* Brief
All of the listing should be returned as written, apart from any picture in it.

Given data section start

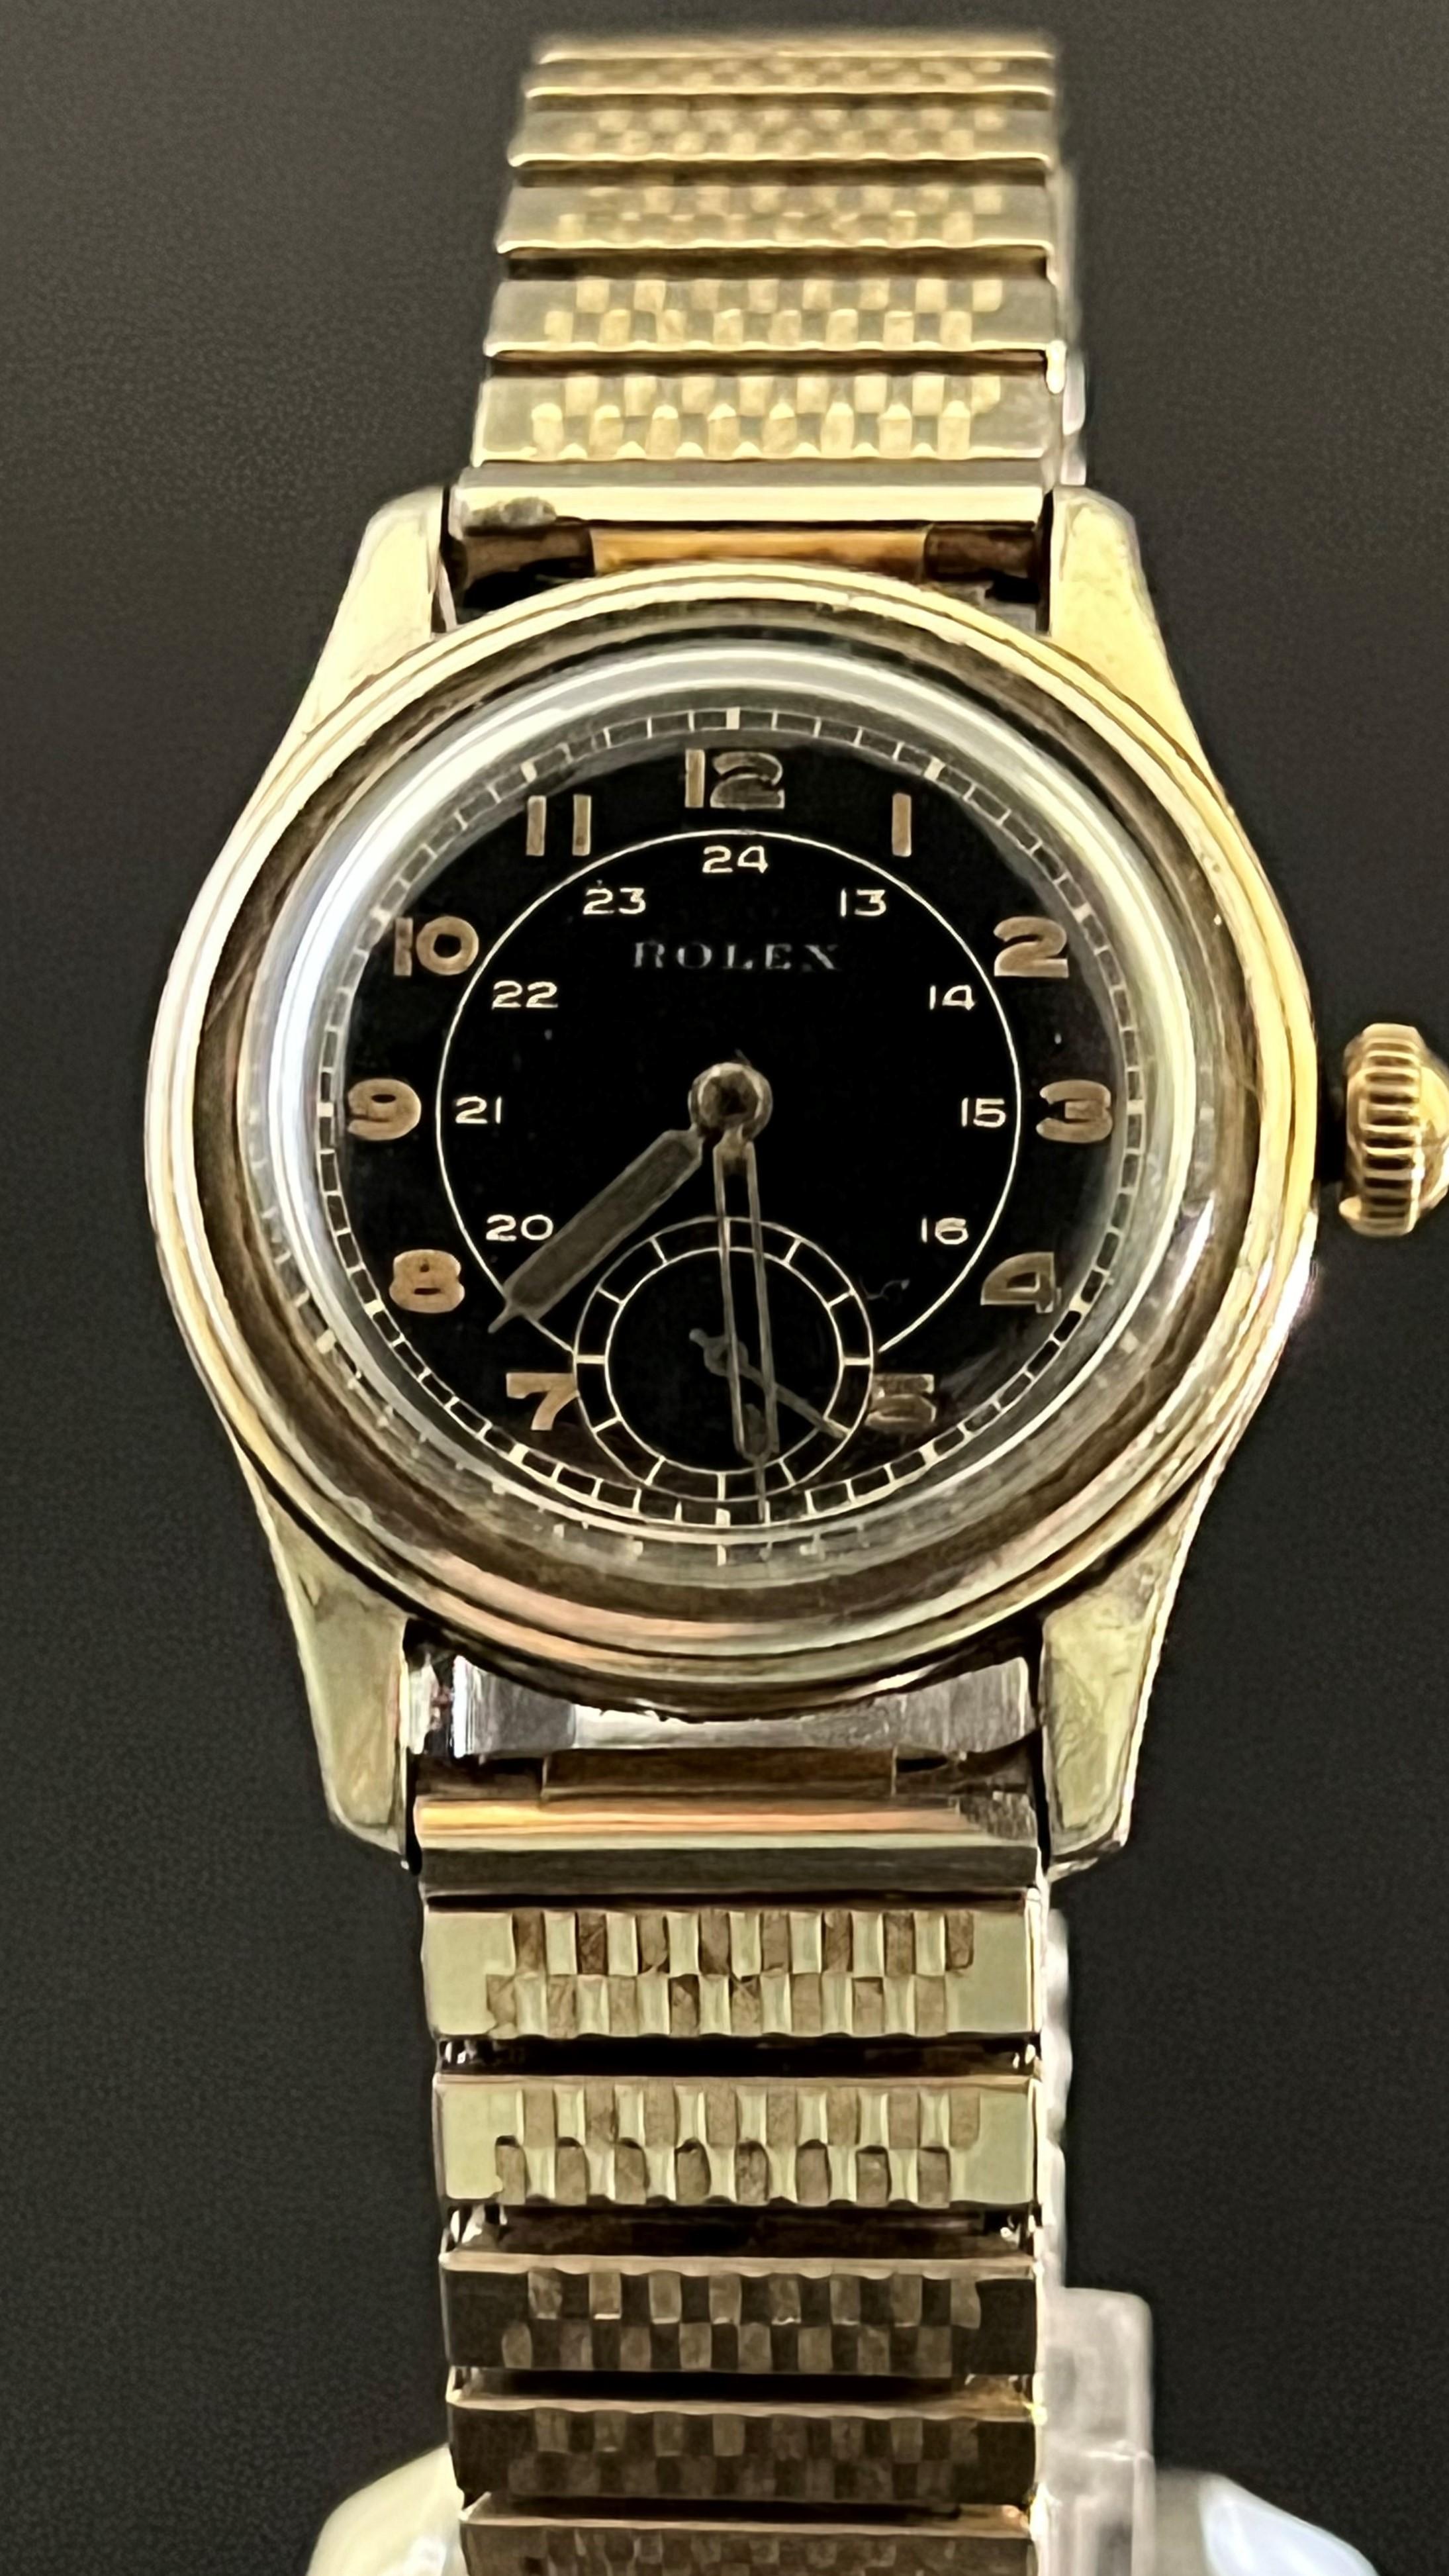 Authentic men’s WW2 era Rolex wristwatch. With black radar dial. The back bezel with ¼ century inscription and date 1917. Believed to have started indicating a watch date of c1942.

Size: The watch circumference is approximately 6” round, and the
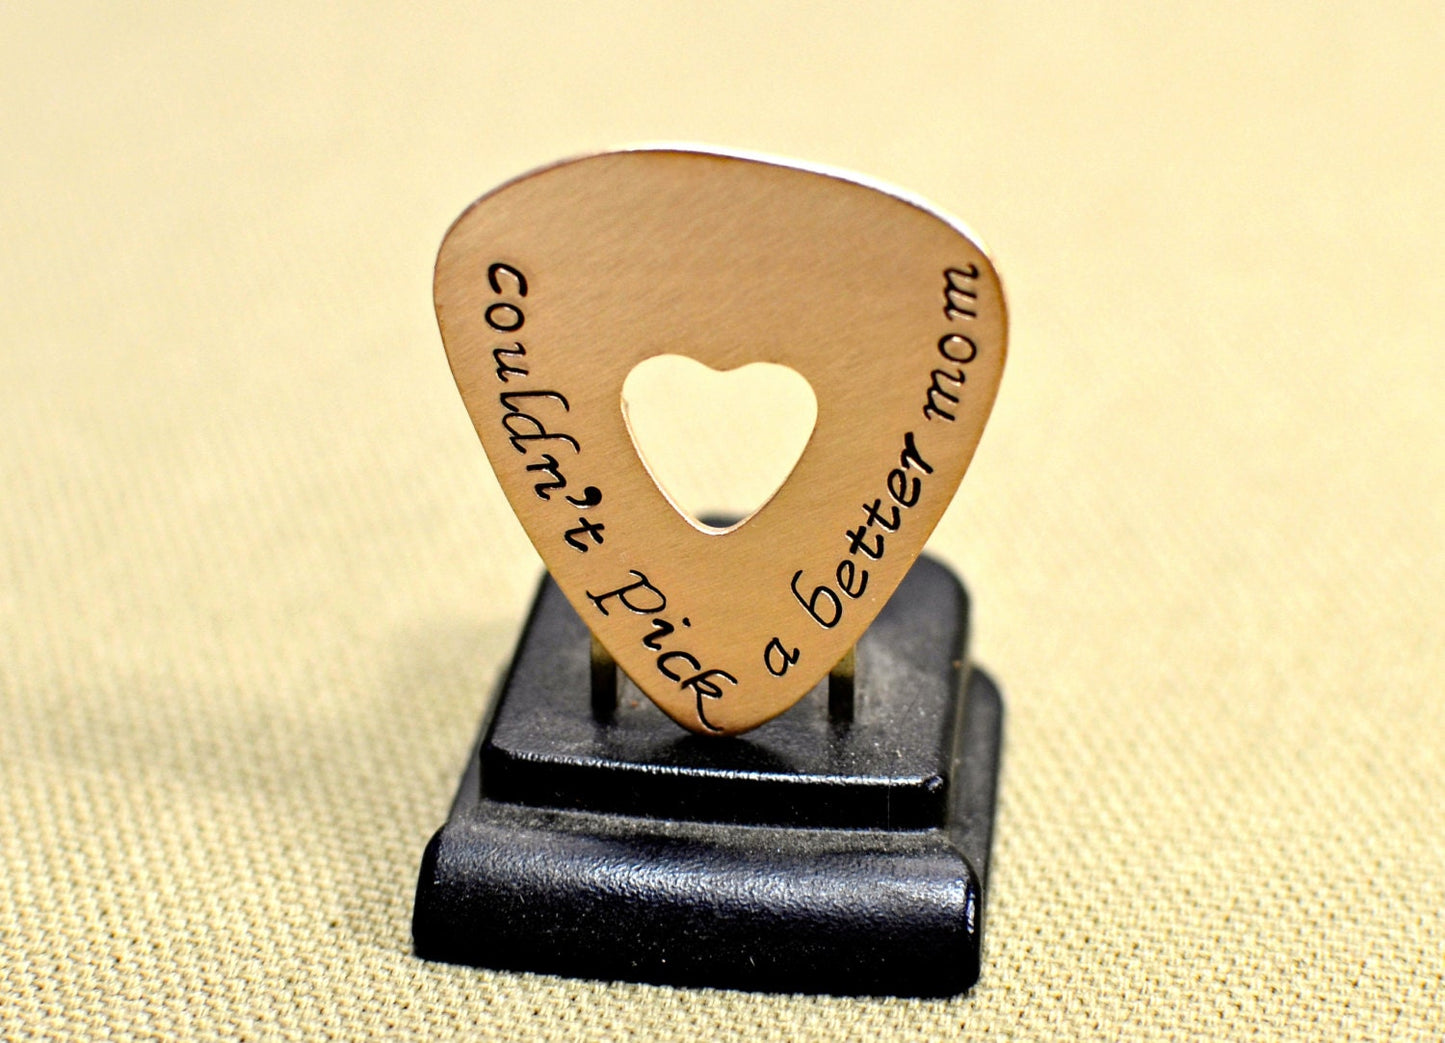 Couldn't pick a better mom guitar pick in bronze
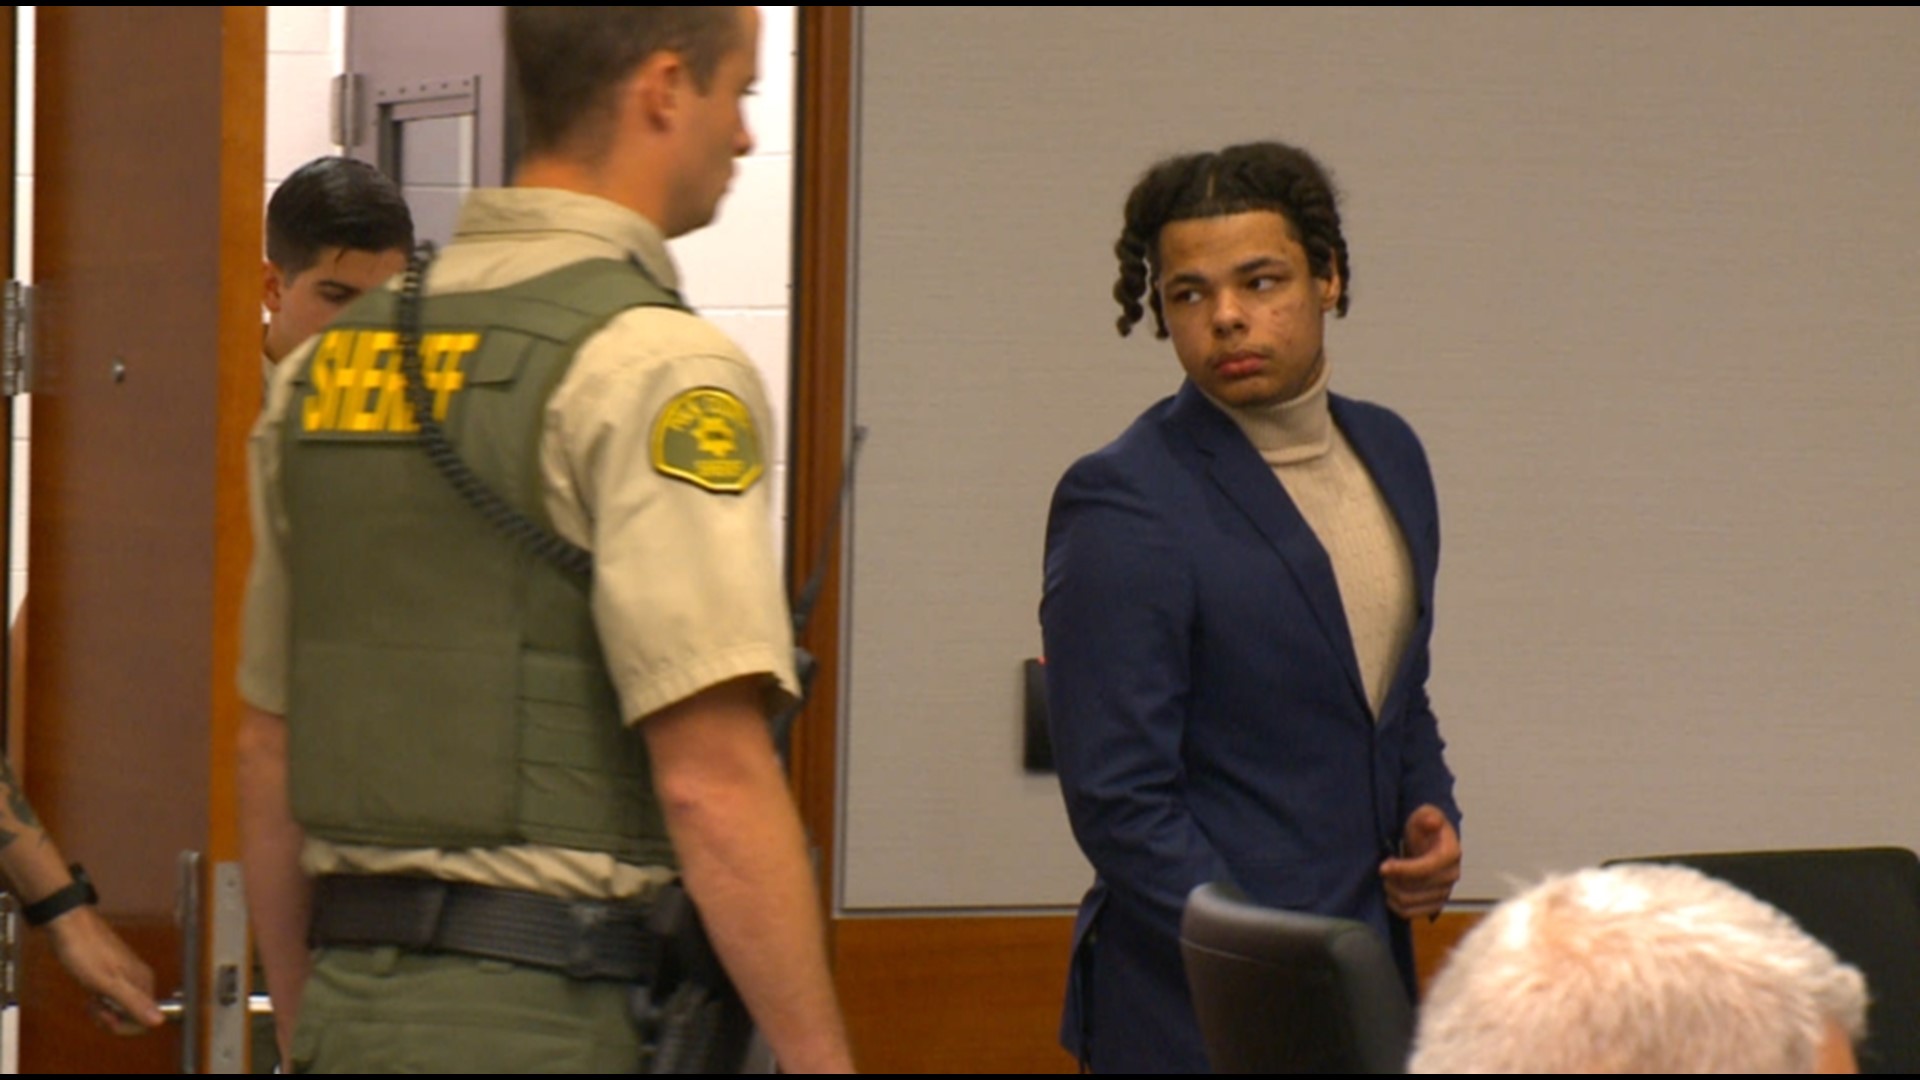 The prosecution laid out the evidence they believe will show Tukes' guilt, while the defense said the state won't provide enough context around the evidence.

Given data section end

* Response area
 Authentic men’s WW2 era Rolex wristwatch. With black radar dial. The back bezel with ¼ century inscription and date 1917. Believed to have started indicating a watch date of c1942.

Size: The watch circumference is approximately 6” round, and the
 Couldn't pick a better mom guitar pick in bronze
 The prosecution laid out the evidence they believe will show Tukes' guilt, while the defense said the state won't provide enough context around the evidence.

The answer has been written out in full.